TASK GOAL: Would you print the lines below exactly, beginning at the line that has "These are some" and stopping after the line that has "How To Paint"? Only those lines, and no pictures.

EXCERPTED DATA:

• • • • • • •

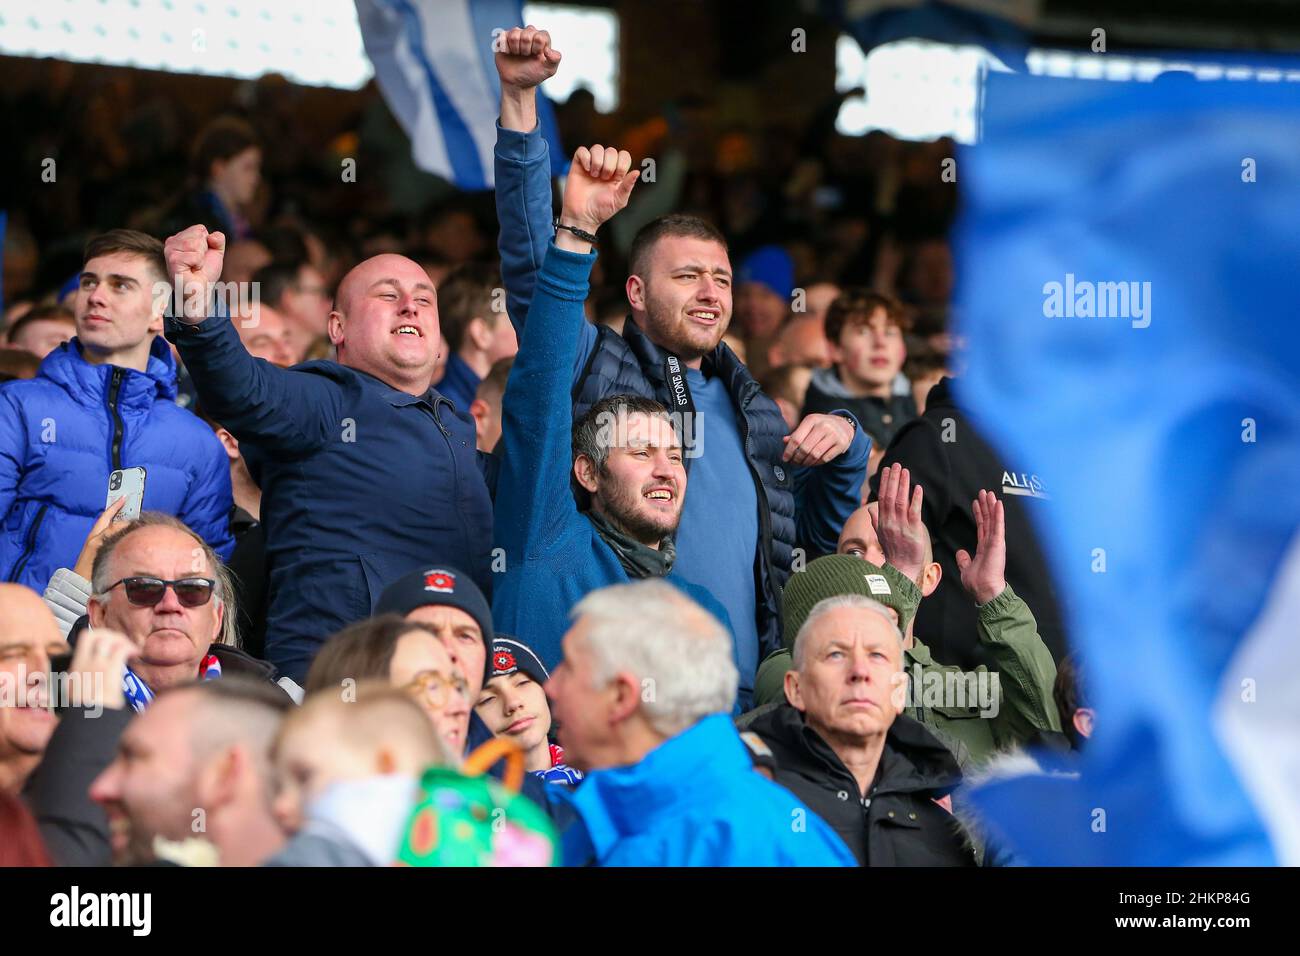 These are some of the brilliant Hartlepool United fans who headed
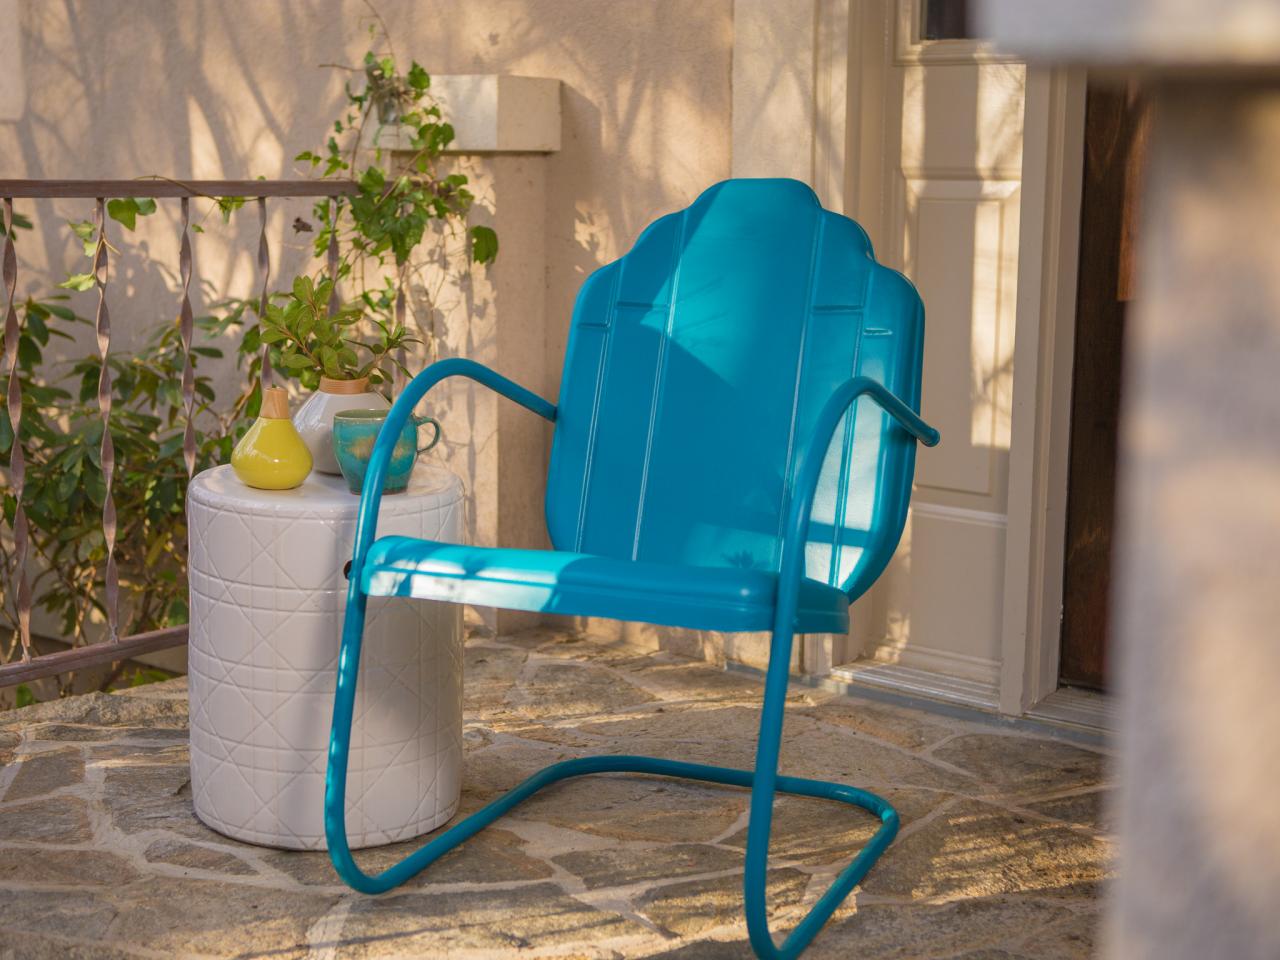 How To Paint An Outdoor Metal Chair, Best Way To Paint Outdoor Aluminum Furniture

• • • • • • •

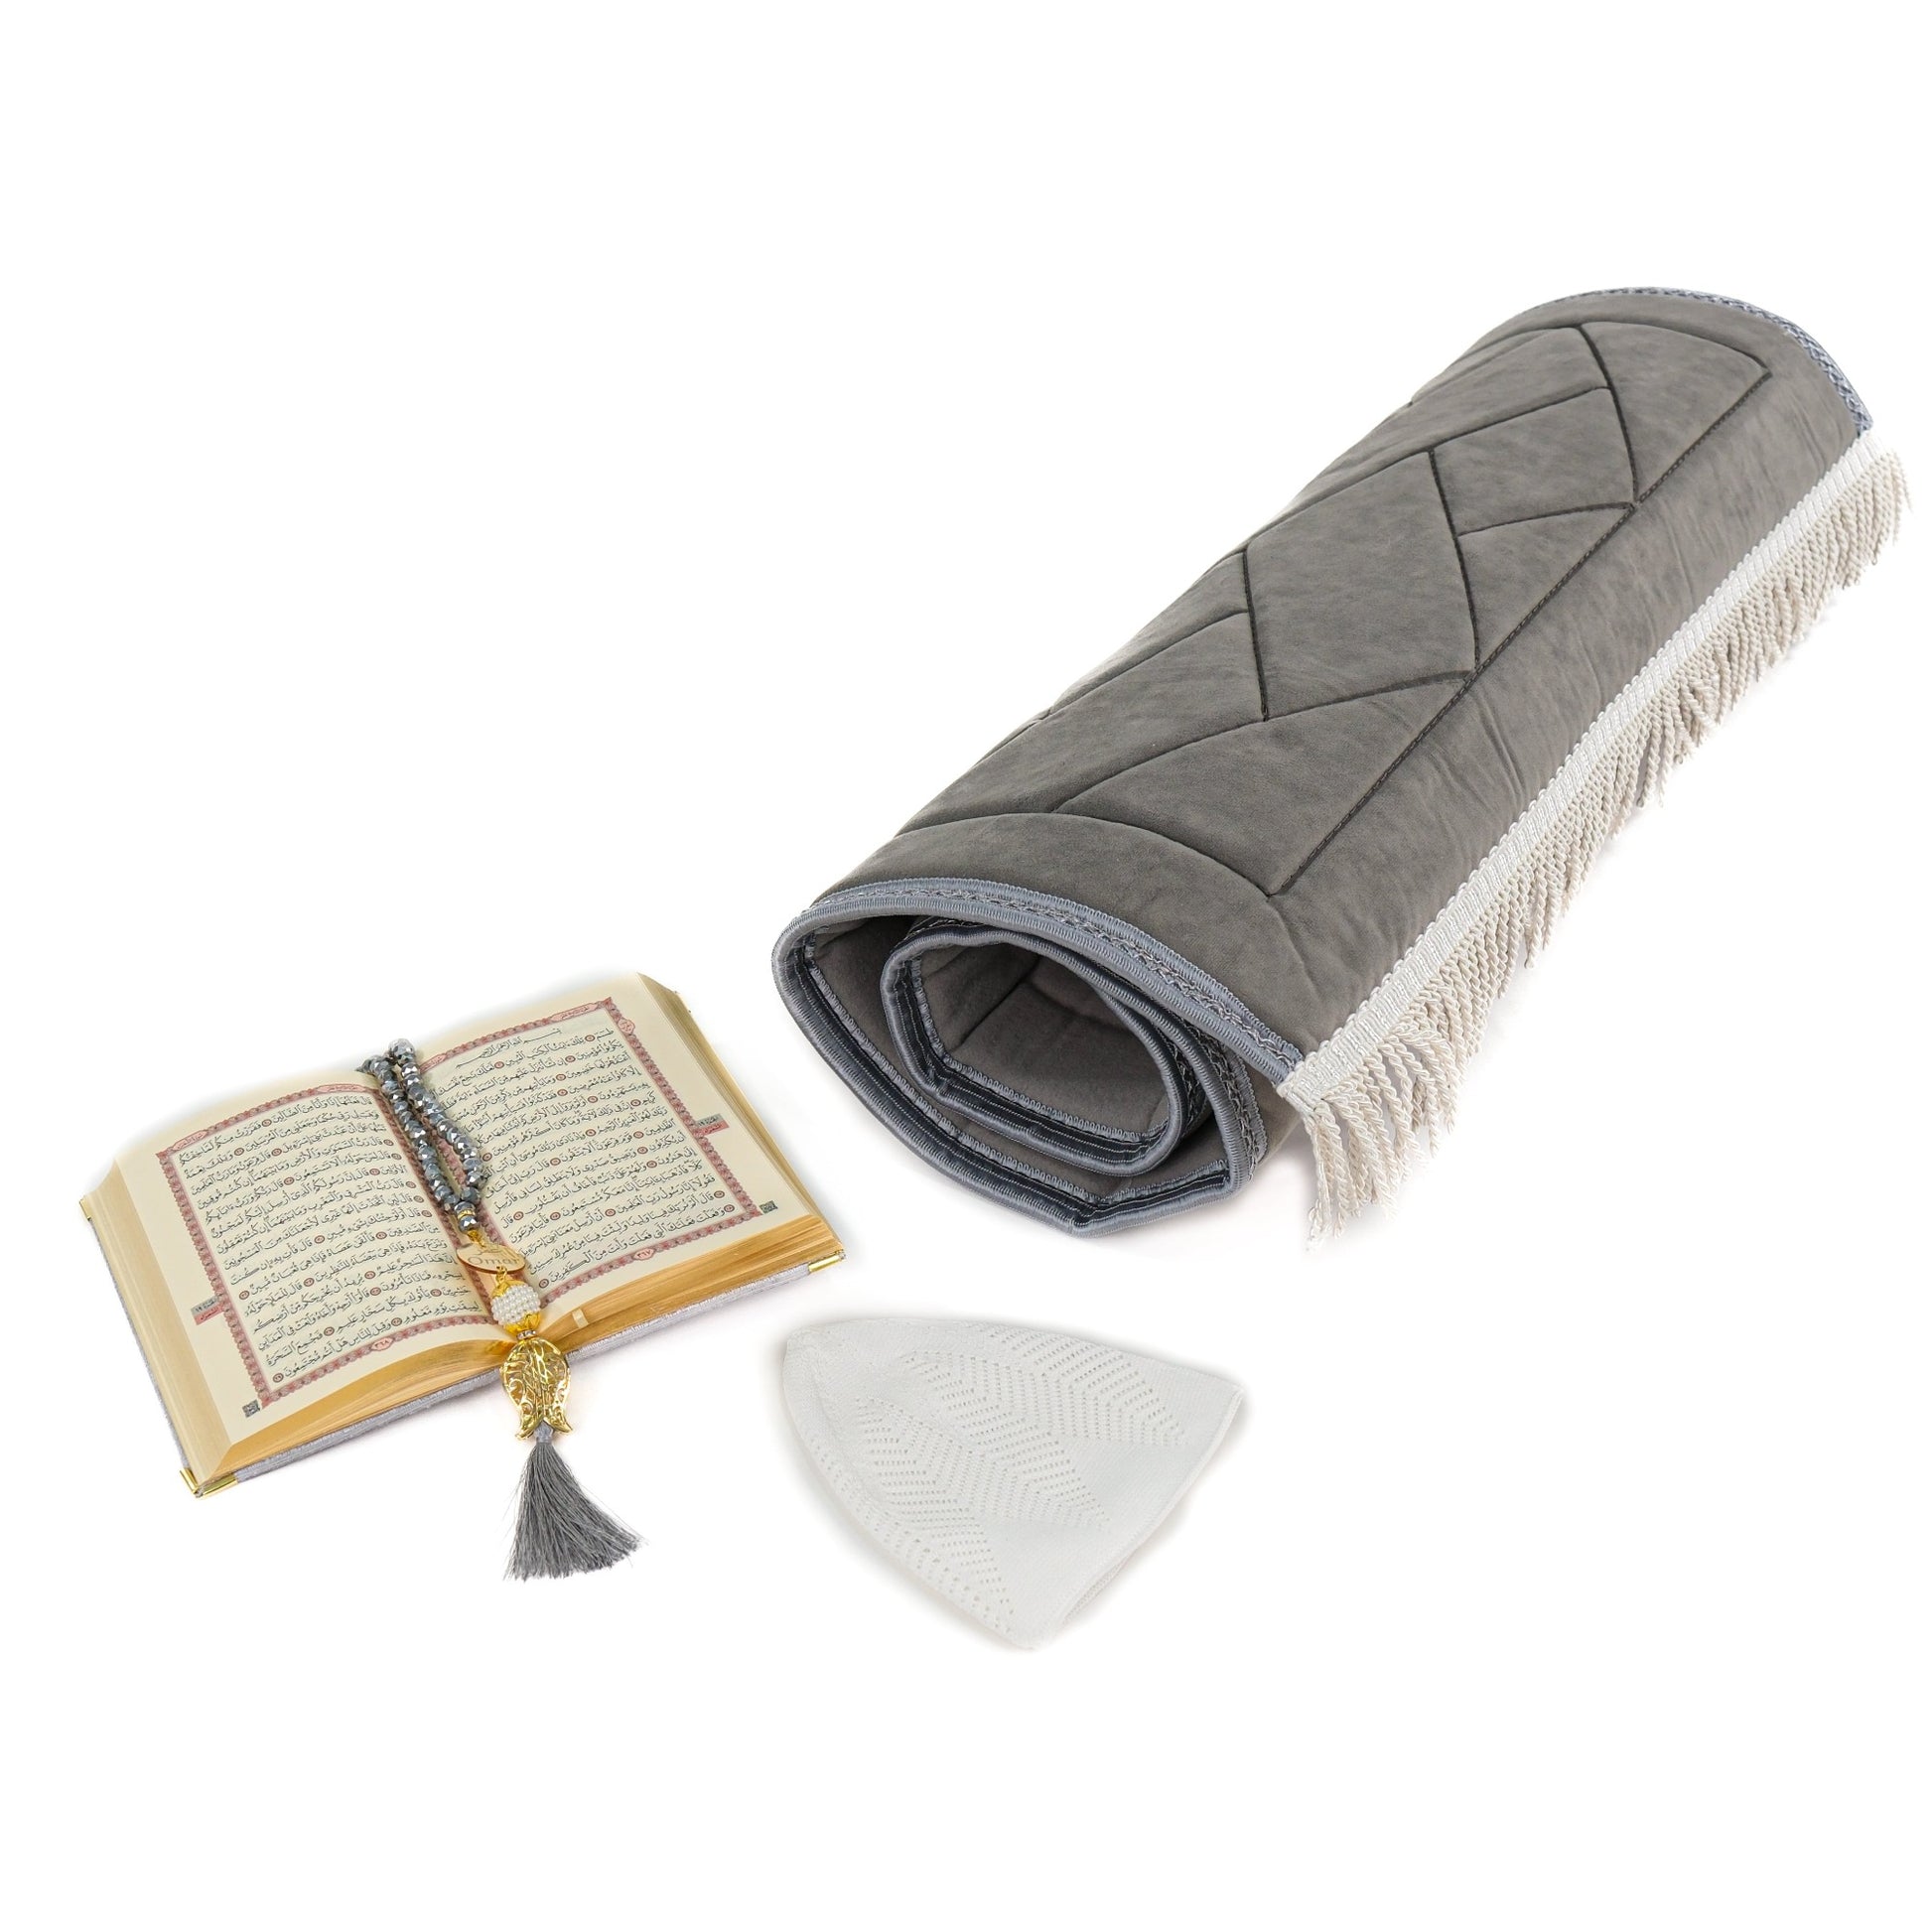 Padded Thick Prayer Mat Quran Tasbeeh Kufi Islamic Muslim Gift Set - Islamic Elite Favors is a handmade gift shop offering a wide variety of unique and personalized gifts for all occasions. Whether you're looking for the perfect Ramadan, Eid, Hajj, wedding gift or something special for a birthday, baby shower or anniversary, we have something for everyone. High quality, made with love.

• • • • • • •

RESPONSE TO THE TASK:
 These are some of the brilliant Hartlepool United fans who headed
 How To Paint An Outdoor Metal Chair, Best Way To Paint Outdoor Aluminum Furniture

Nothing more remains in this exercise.